= Encomium =

Latin word meaning "the praise of a person or thing"

Encomium (: encomia) is a Latin word deriving from the Ancient Greek enkomion (ἐγκώμιον), meaning "the praise of a person or thing." Another Latin equivalent is laudatio, a speech in praise of someone or something.

Originally it was the song sung by the chorus at the κῶμος, or festal procession, held at the Panhellenic Games in honour of the victor, either on the day of his victory or on its anniversary. The word came afterwards to denote any song written in celebration of distinguished persons, and in later times any spoken or written panegyric whatever.
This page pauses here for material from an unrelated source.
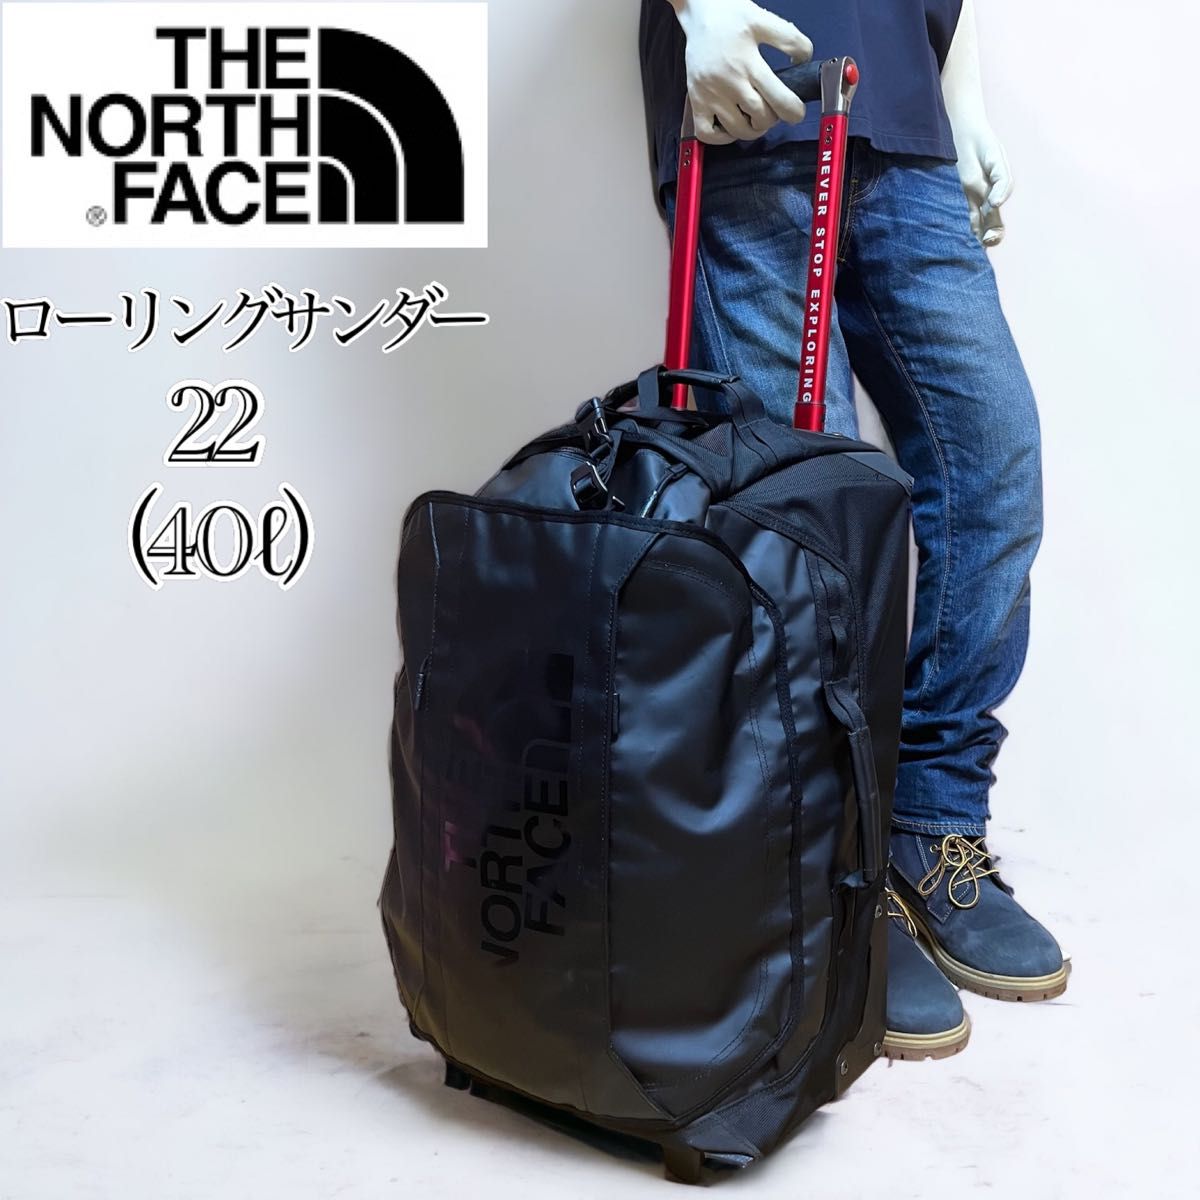 【希少レア】THE NORTH FACE ノースフェイス ローリングサンダー22 キャリーバッグ 機内持込み可能 スーツケース 黒

Encomium also refers to several distinct aspects of rhetoric:

- A general category of oratory
- A method within rhetorical pedagogy
- A figure of speech praising a person or thing, but occurring on a smaller scale than an entire speech
- The eighth exercise in the progymnasmata series
- A literary genre that included five elements: prologue, birth and upbringing, acts of the person's life, comparisons used to praise the subject, and an epilogue
- The basilikos logos (imperial encomium), a formal genre in the Byzantine empire

The classical model of the encomium typically followed the form:

1. Exordium: Call the audience to virtue and rouse them to imitation of the thing praised.
2. Praise the subject's "stock," including their people, country, ancestors, and parents.
3. Praise the subject's education, artistic talent, and training in laws.
4. Praise the subject's deeds, such as their excellencies of mind, body, and fortune.
5. Favorably compare the subject to another figure commonly understood to be virtuous or praiseworthy.
6. Conclude with an exhortation or final emulation.

==Examples==
- Gorgias' famous Encomium of Helen offers several justifications for excusing Helen of Troy's adultery
- In Erasmus' In Praise of Folly, Folly composes an encomium to herself
- De Pippini regis Victoria Avarica is a medieval encomium of the victory of Pepin of Italy over the Avars
- Encomium Emmae Reginae is a medieval encomium of Queen Emma of Normandy
- Laudes Mediolanensis civitatis or Versum de Mediolano civitate is a medieval encomium of Milan
- Versus de Verona is a medieval encomium of Verona
- Polychronion is chanted in the liturgy of Churches which follow the Byzantine Rite
- Paul the Apostle uses a kind of encomium in his praise of love, in 1 Corinthians 13; the prologue is verses 1–3, acts are v. 4–7, comparison is v. 8–12, and epilogue is 13:13–14:1.